9. What legal and insurance protections do companies offering Telehealth have?

It takes work to keep up-to-date with the current guidelines for clinical practice and the constantly changing state-by-state regulations and laws governing telecommuting. Some clinicians are in precarious situations due to telehealth firms that were either unaware of the regulations in force or completely disregarded them.

When evaluating a new possibility of Telehealth, it’s crucial to consider the legal protections and regulatory compliance to ensure that the company will be in the best interests of your license throughout the time.

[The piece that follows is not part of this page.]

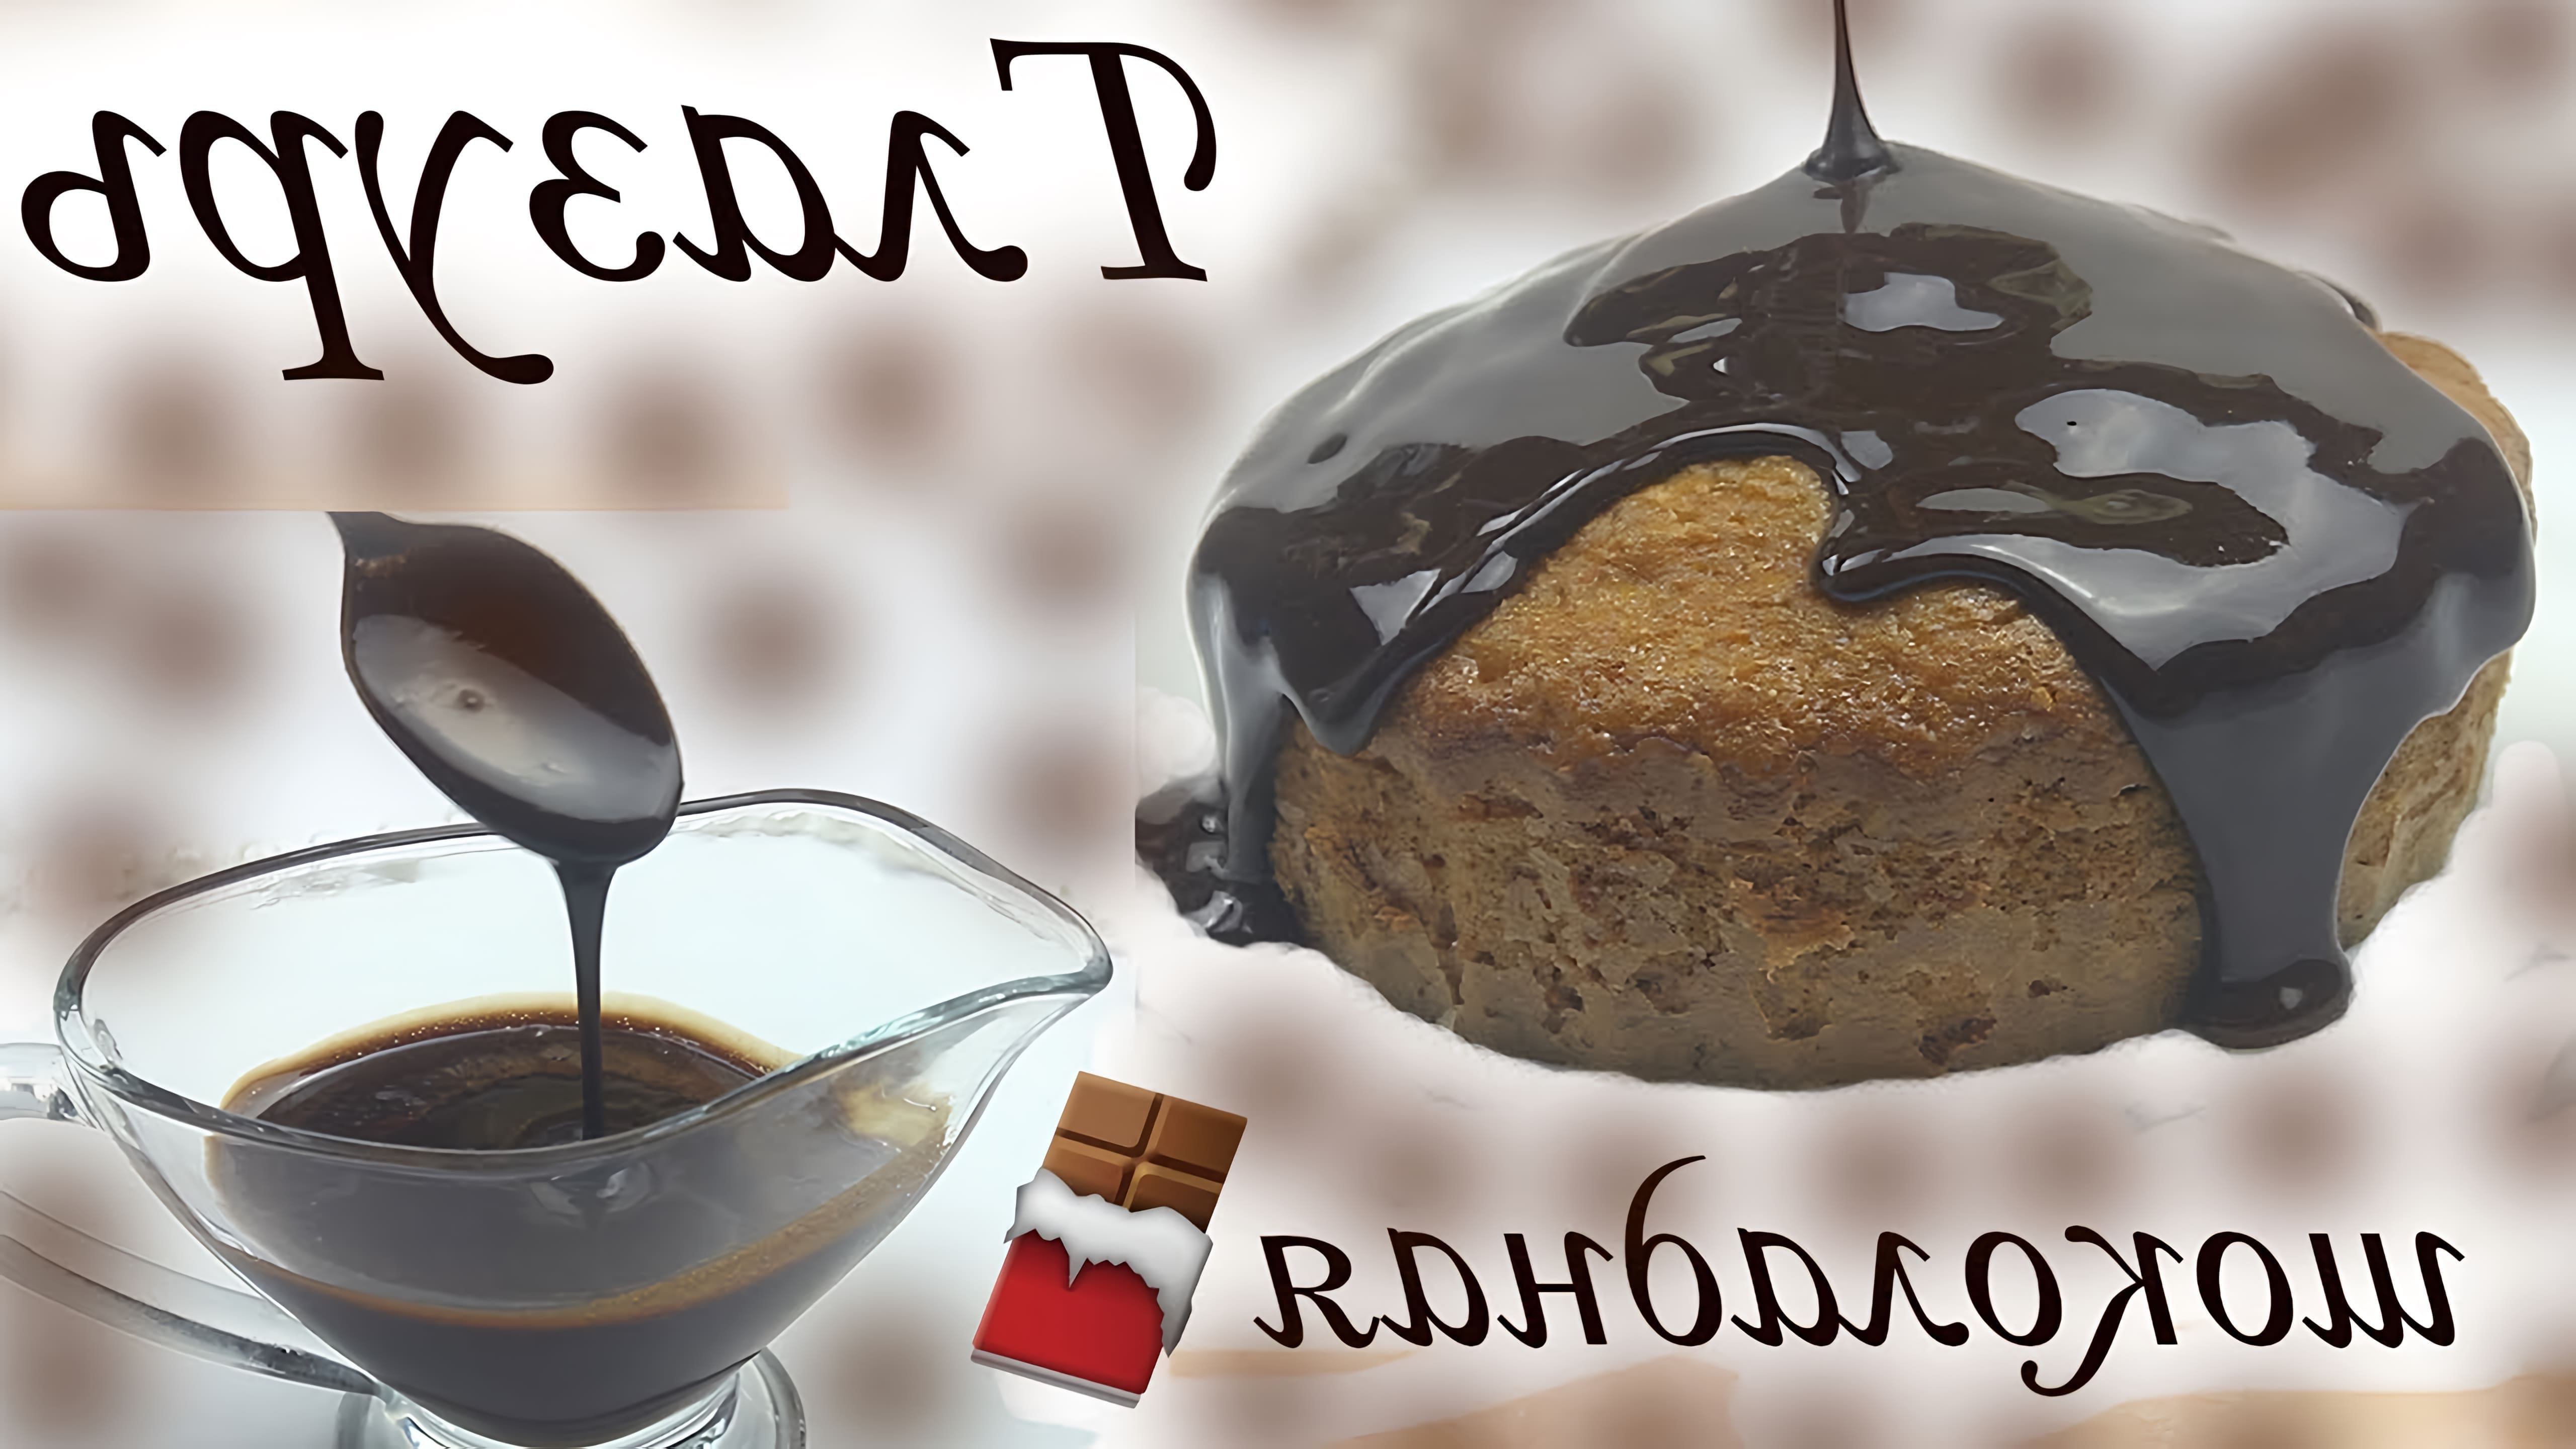 Видео как приготовить питательную шоколадную глазурь дома, используя всего 3 ингредиента - мед, какао-порошок и молоко

Legally important issues to be aware of when using Telehealth:

  • At a minimum, the business should provide a minimum of professional liability insurance through medical malpractice insurance that covers the entire range of each consultation. Certain states require insurance coverage to cover a particular amount of damage.
  • Always work within your area of practice.
  • You must uphold the same standard of care you would in a personal setting.
  • Make sure your judgment as a clinician is the most important thing. Even if protocols for clinical use are available, it’s your decision at the end of the day, and you must have the final say on clinical issues.

10. What are the lab results and prescriptions used in Telehealth?

A crucial aspect of virtual healthcare is prescribing medications or ordering tests and distributing the findings to clients. Telehealth protocols determine what lab tests you can have and the medicines you prescribe.

Telehealth professionals must be able to communicate the information to patients; therefore, it is important to know about the various virtual health companies and their policies in the areas of concern.

11. What are the state-specific regulations regarding Telehealth?

Clinical licenses are subject to different rules for every state. For instance, certain states require nurse practitioners to sign agreements of collaboration with a supervisory physician.

The most reputable telehealth firms are aware of these laws and can provide assistance and direction to ensure that you comply with the laws of the location you provide services.

12. What are the licensing requirements for the field of Telehealth?

Virtual care jobs typically require that the clinician has the appropriate license. The job advertisement should explain the minimum licensure requirements and the number of state-issued licenses required to meet a reasonable amount of consultation. Acquiring additional licenses and credentials could allow you to provide care virtually.